The first time I met Penny was shortly after my dad passed away. My mother was adjusting to life as a widow, and I was adjusting to life without my father – an amazing man whose mere presence could light a room. Penny and I took an instant liking to one another, and struck up a fast friendship. I have always been involved in writing, and was in the process of weighing some options.
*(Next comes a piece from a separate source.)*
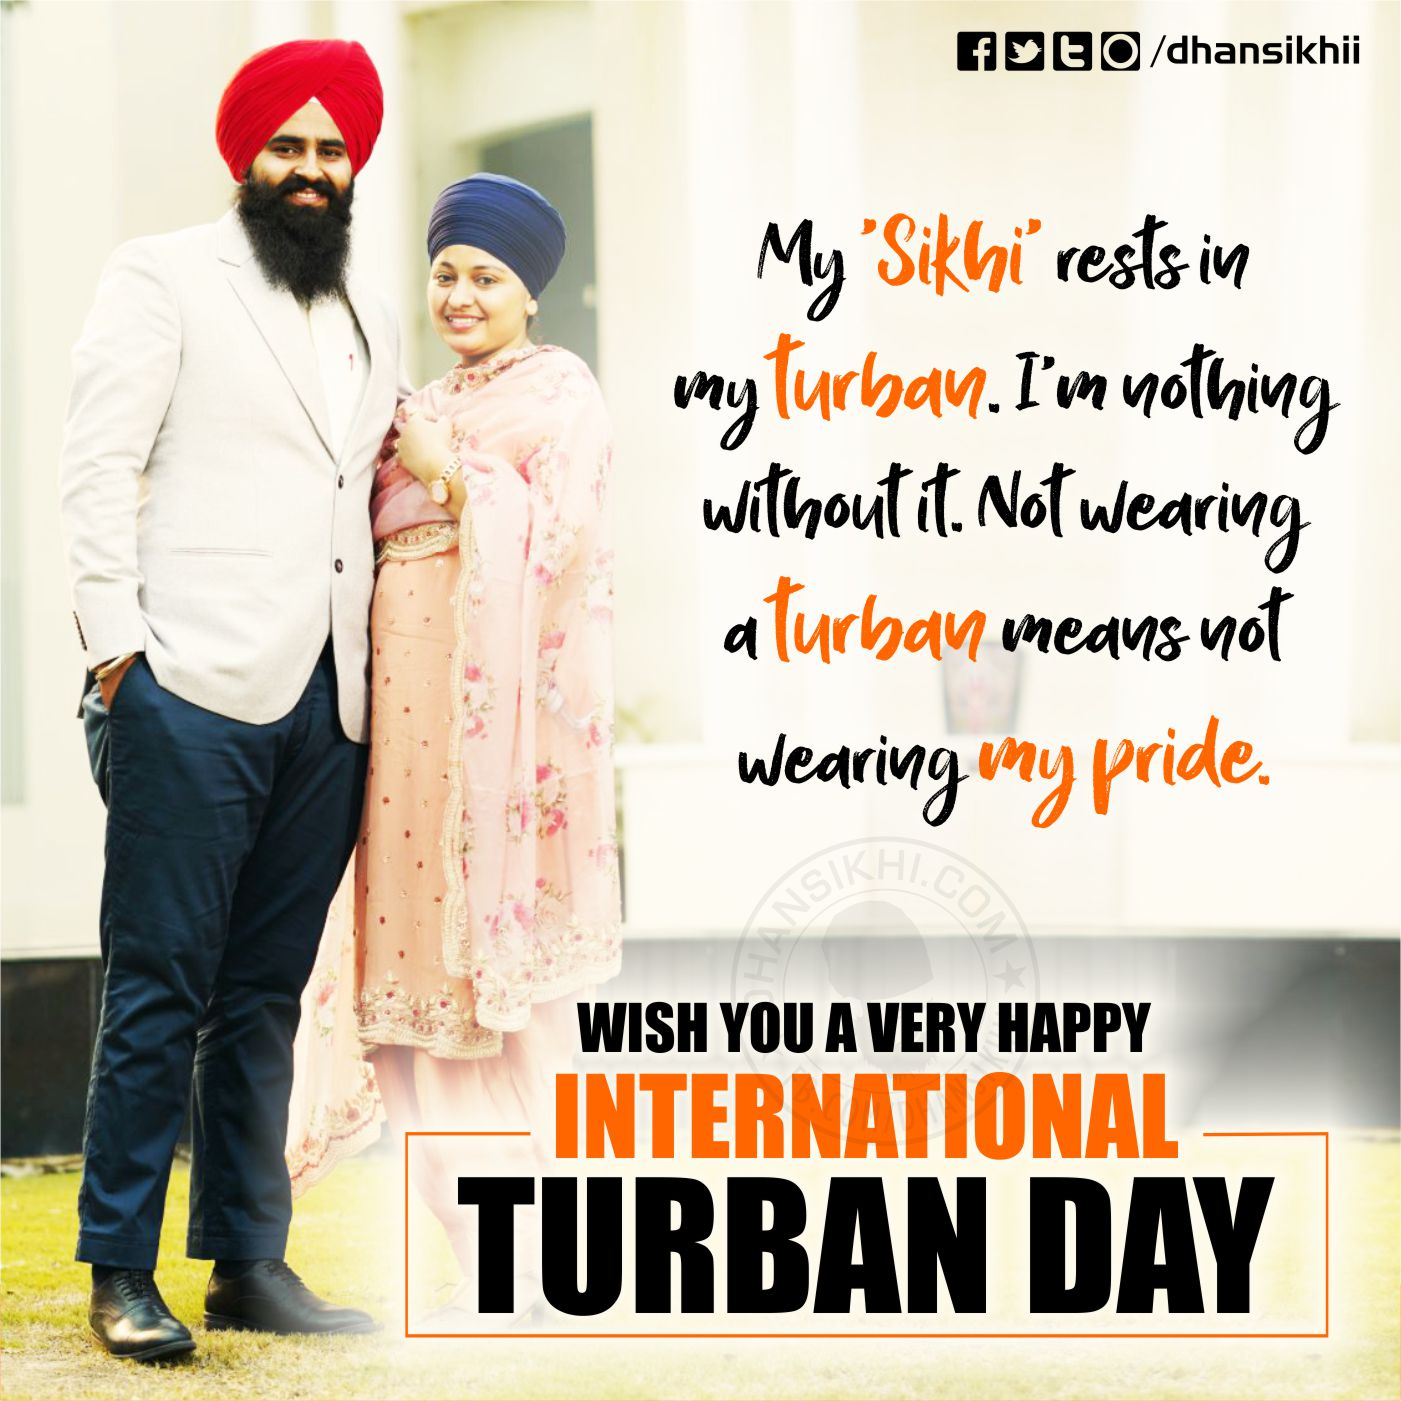 International Turban Day (Dastar Divas) Greetings

When Penny shared her “shelved” idea, I said to count me in! Although our circumstances differed, we had the world in common. We began talking to widowed women, of all ages, and chronicled their experiences of dating and moving forward. They spoke candidly about being the single one at the dinner table, a desire to date, a longing for love and intimacy, and the obstacles that sometimes stood in their way. It was thrilling to hear how some had recaptured the excitement of their adolescent years. What struck me the most was their eagerness to be part of this book. They were unanimous in their desire to empower other women. Although I’m not a widow, I have learned a lot from these ladies. My own life has gone through some twists and turns, and ultimately new beginnings. Writing this book, has been a life changing experience for me, and I’m certain that our fathers put us together two years ago. As one of the women in the book said, “There really can be a beautiful side to tragedy.”